We have had discussion on this involving Andres, so we had to create
manually edited "gold standard" parses (which do not have "extra links"):
http://88.99.210.144/data/andres_parses/poc-english_ex-parses-gold.txt
compared to LG "silver standard" parses (with those extra links):
http://langlearn.singularitynet.io/data/parses/English/POC-English/poc_english-LG-silver.txt.ull
I recall we had discussion the future version of LG will have this fixed
and I hoped we can get the "gold" (manual) and "sliver" (LG) standards
merged. Sorry if I misunderstood on that.
On the new LG version an performance on long sentences - cool, we would
love to have it, because we have major performance problems with LG
parsing Gutenberg Children - you can get the dictionary here:
http://langlearn.singularitynet.io/data/clustering_2018/Gutenberg-Children-Books-1000-disjuncts-2018-10-29/Gutenberg-Children-Books-Caps-50-clusters-1000-disjuncts-2018-10-29_/Gutenberg-Children-Books-Caps_LG-English_cALEd_no-LW_no-RW_no-gen/
and try to parse the corpus that was used to create this dictionary:
http://langlearn.singularitynet.io/data/cleaned/English/Gutenberg-Children-Books/capital/
Right now, it takes technical infinity to do the parse for the above, we
have never got the parse results results with current version of LG.
Cheers,
-Anton
15.11.2018 11:21, Linas Vepstas:
>
> On Wed, Nov 14, 2018 at 3:25 AM Anton Kolonin @ Aigents
> <akol...@aigents.com <mailto:akol...@aigents.com>> wrote:
>
> Hi Amir and Linas,
>
> We have finally upgraded to LG 5.5.1 and see that some sentences in our
> reference corpus are not parsed right:
> http://langlearn.singularitynet.io/data/poc-english/poc_english.txt
>
>
> For one example:
>
> link-parser
> link-grammar: Info: Dictionary found at
> /home/akolonin/miniconda3/envs/ull-lg55/share/link-grammar/en/4.0.dict
> link-grammar: Info: Dictionary version 5.5.1, locale en_US.UTF-8
> link-grammar: Info: Library version link-grammar-5.5.1. Enter "!help"
> for help.
> linkparser> Dad saw Mom with a telescope.

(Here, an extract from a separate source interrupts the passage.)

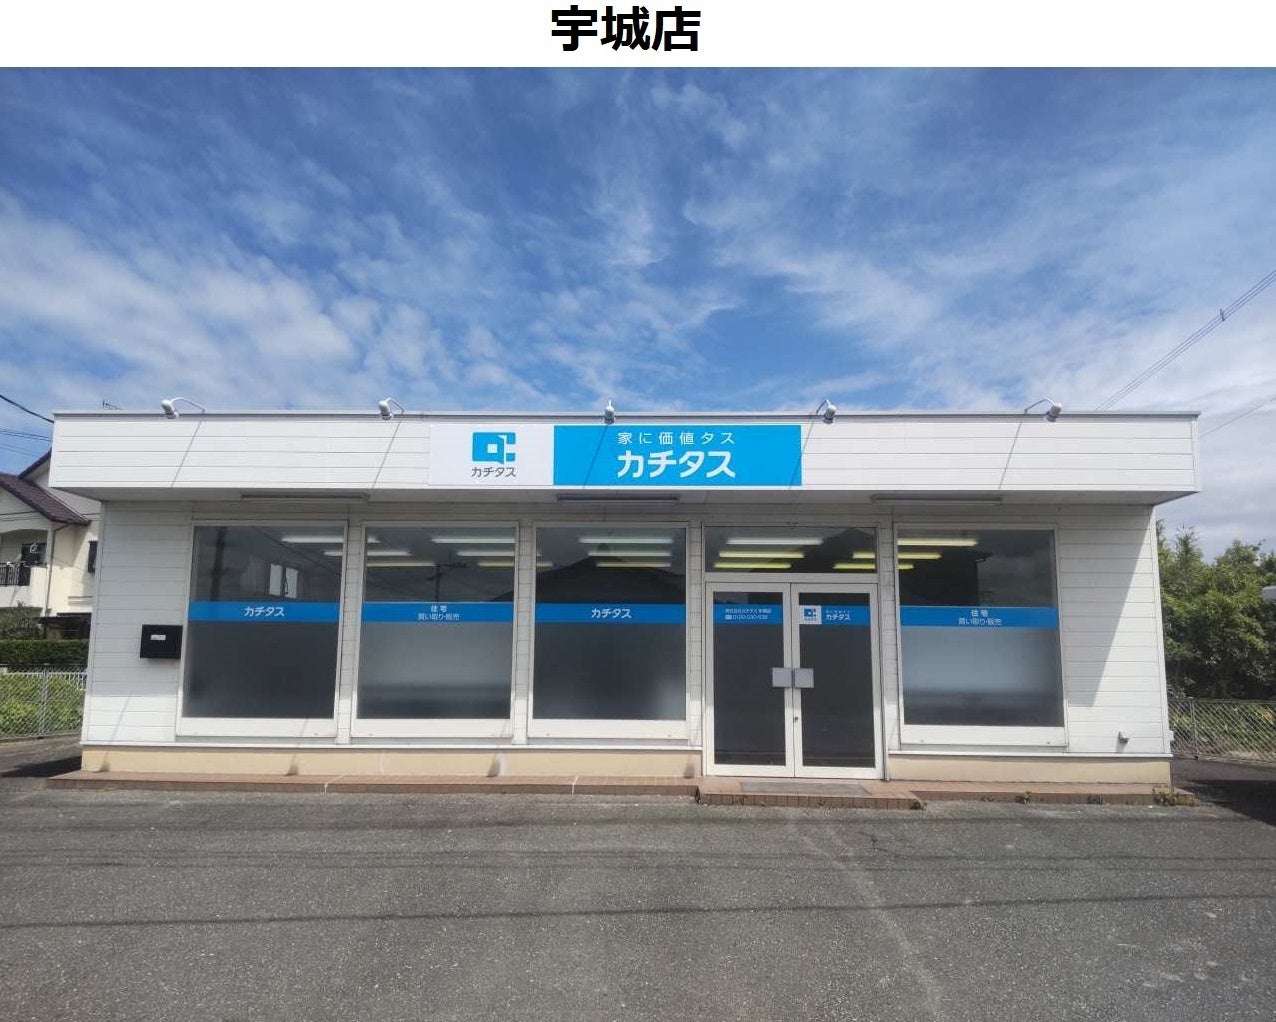 中古住宅買取再生業界No1*¹のカチタスが、熊本県内で最も空き家率の高い*²エリアを管轄する「宇城店」オープンのサブ画像1

> Found 18 linkages (18 had no P.P. violations)
> Linkage 1, cost vector = (UNUSED=0 DIS=-0.61 LEN=9)
>
> +---------------------Xp---------------------+
> +----->WV----->+-----MVp----+----Js---+ |
> +-->Wd--+-Ss*s-+--Os--+--Mp-+ +-Ds**c+ |
> | | | | | | | |
> LEFT-WALL dad.m saw.v-d Mom.l with a telescope.n .
>
> Press RETURN for the next linkage.
>
>
> linkparser> Mom writes with chalk on the board.
> Found 32 linkages (32 had no P.P. violations)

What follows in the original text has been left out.